◆ **YOUR OBJECTIVE**
Every picture is to be removed, and all the data is to be copied exactly.

◆ **COLLECTED MATERIAL**

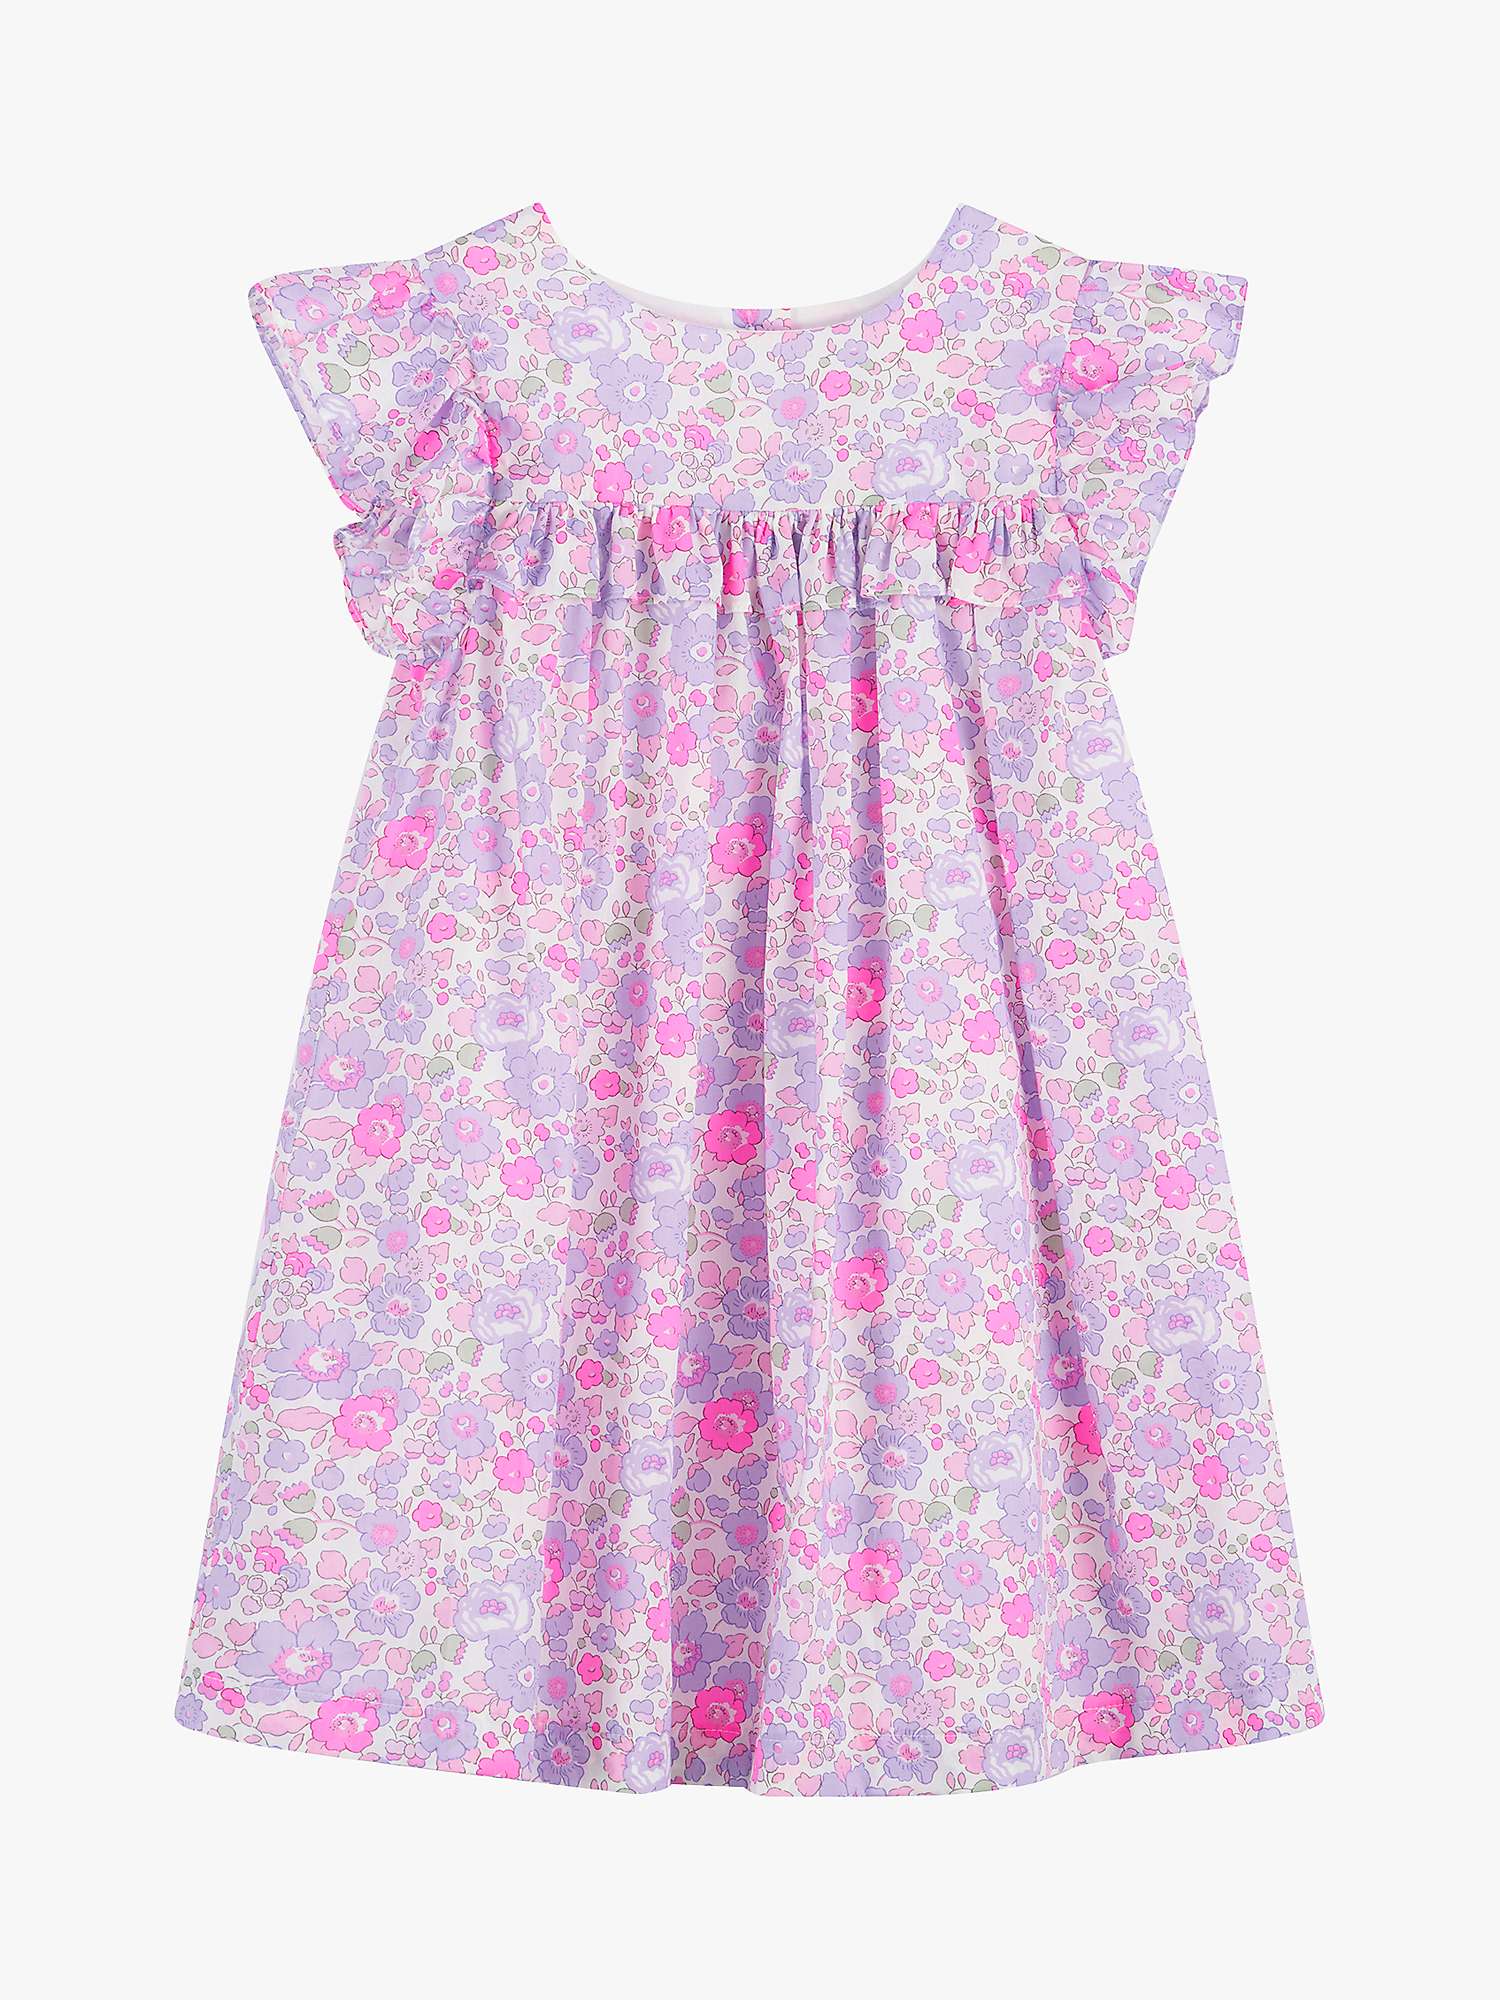 Buy Trotters Kids' Betsy Liberty Floral Dress, Lilac Betsy Online at johnlewis.com
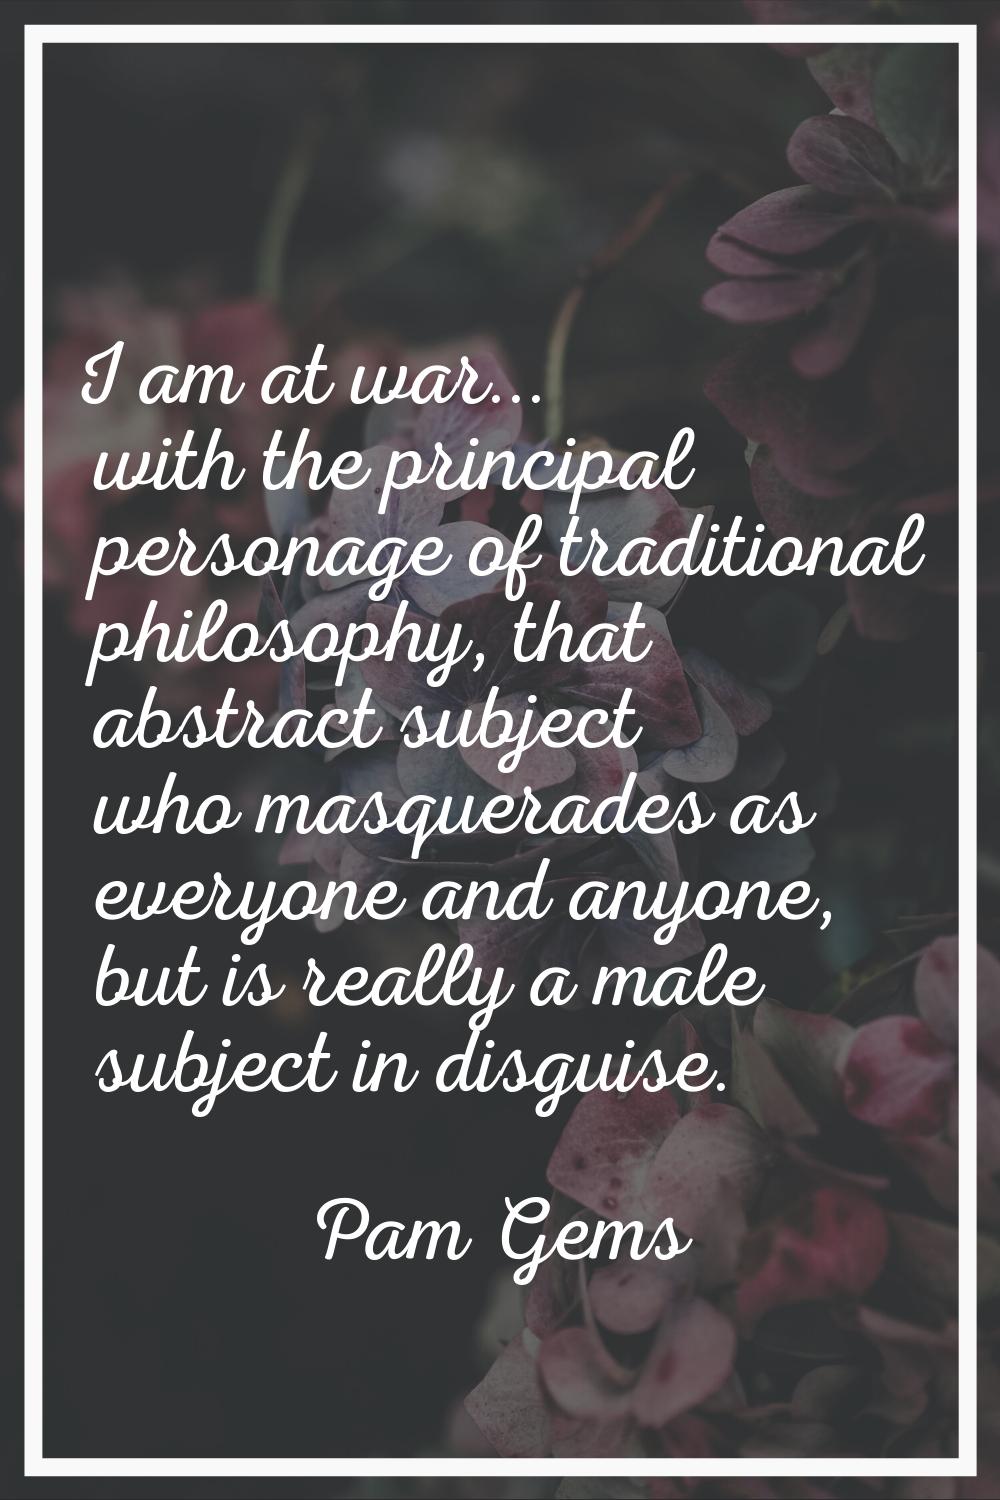 I am at war... with the principal personage of traditional philosophy, that abstract subject who ma
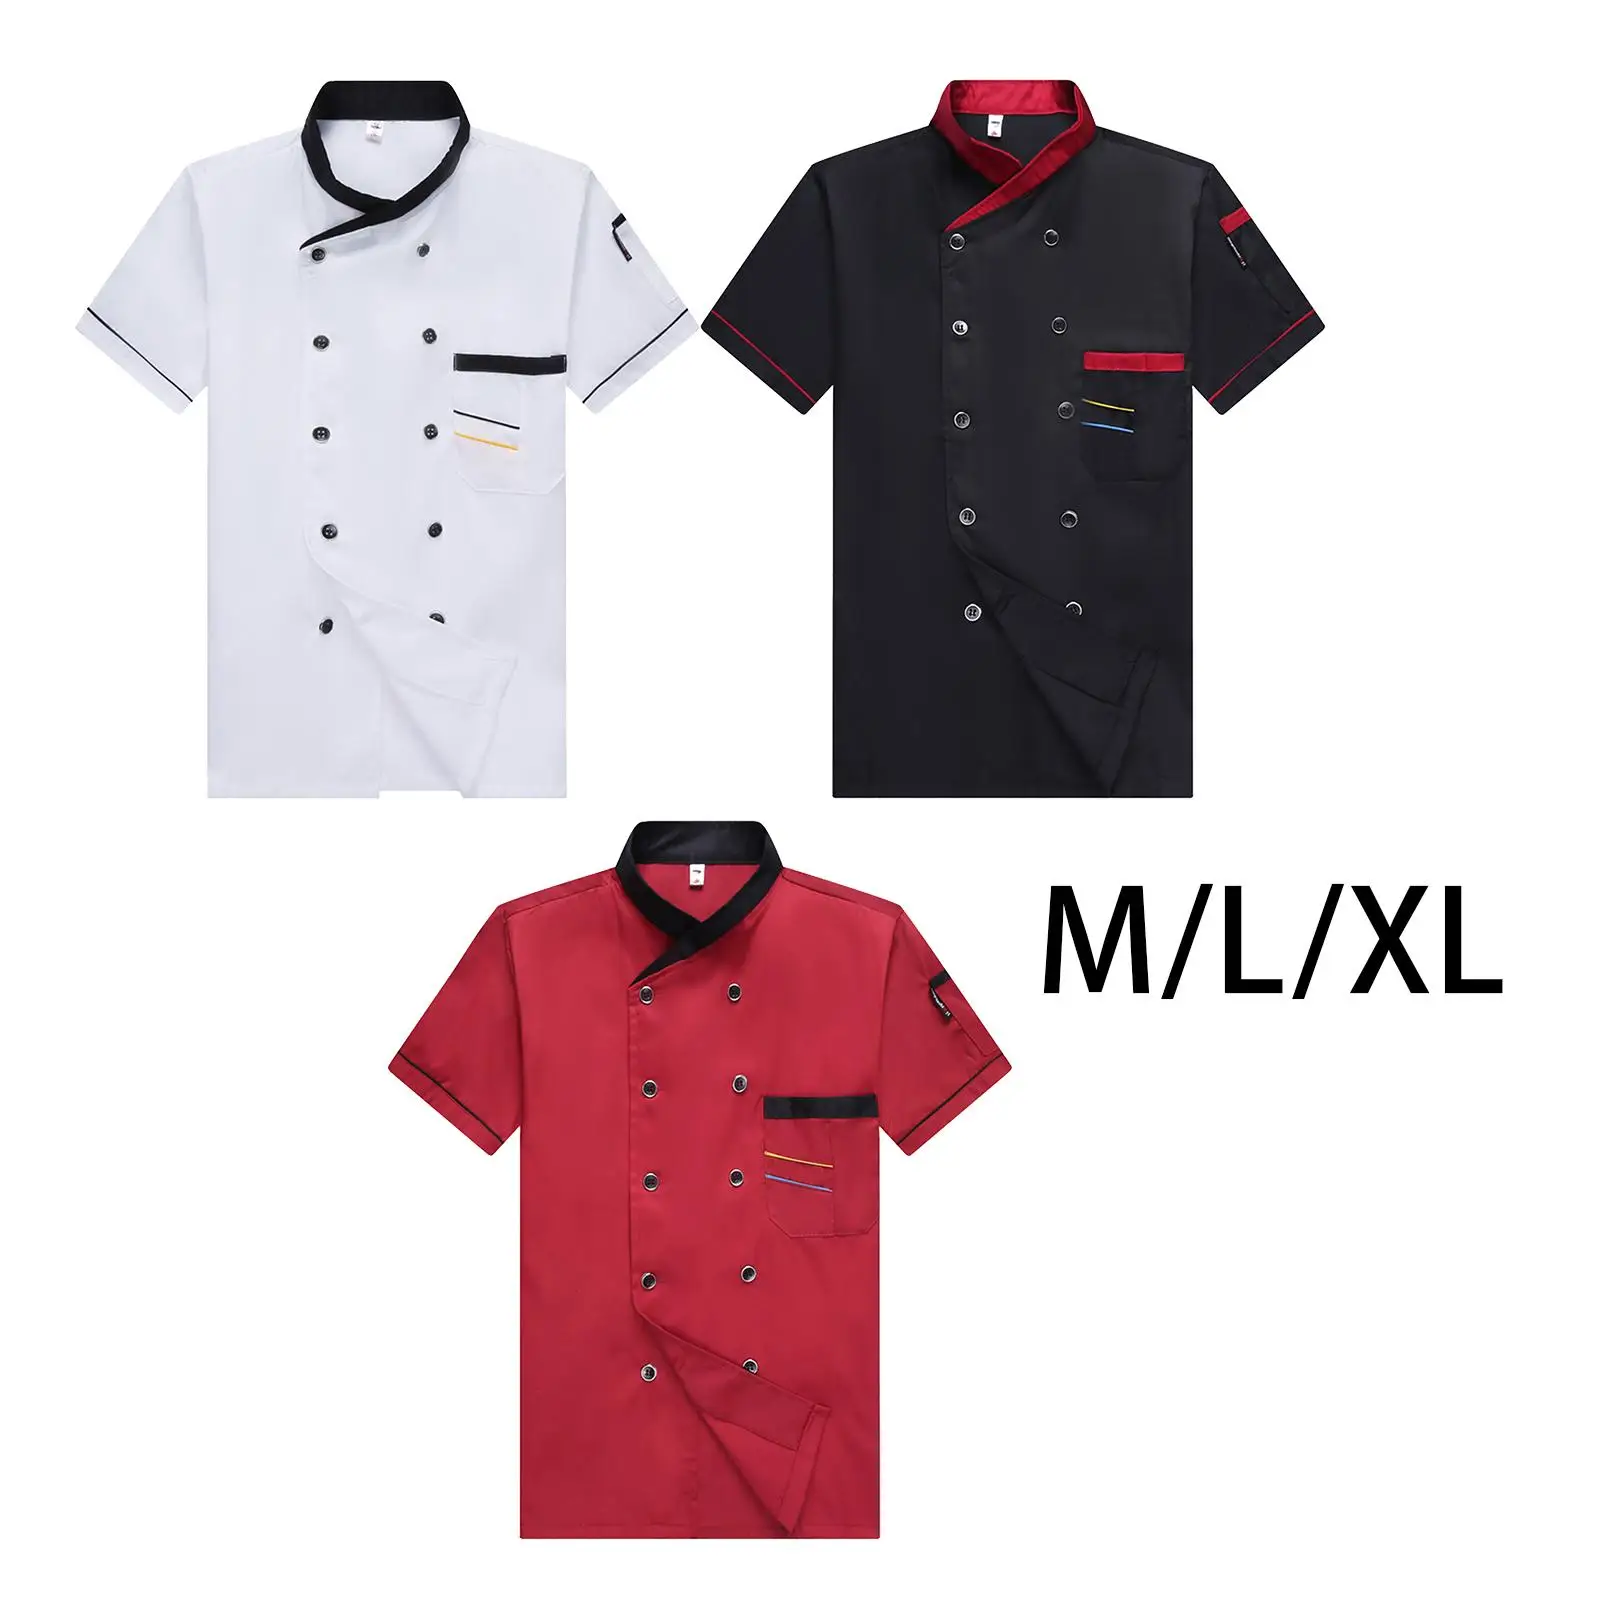 Unisex Chef Uniform Jacket Short Sleeve Shirt Breathable Comfortable Men Women Coat Chef Clothes Workwear for Cooking Cafe Hotel

◆ **RESULT OF THE EXERCISE**
 Buy Trotters Kids' Betsy Liberty Floral Dress, Lilac Betsy Online at johnlewis.com
 I am at war... with the principal personage of traditional philosophy, that abstract subject who ma
 Unisex Chef Uniform Jacket Short Sleeve Shirt Breathable Comfortable Men Women Coat Chef Clothes Workwear for Cooking Cafe Hotel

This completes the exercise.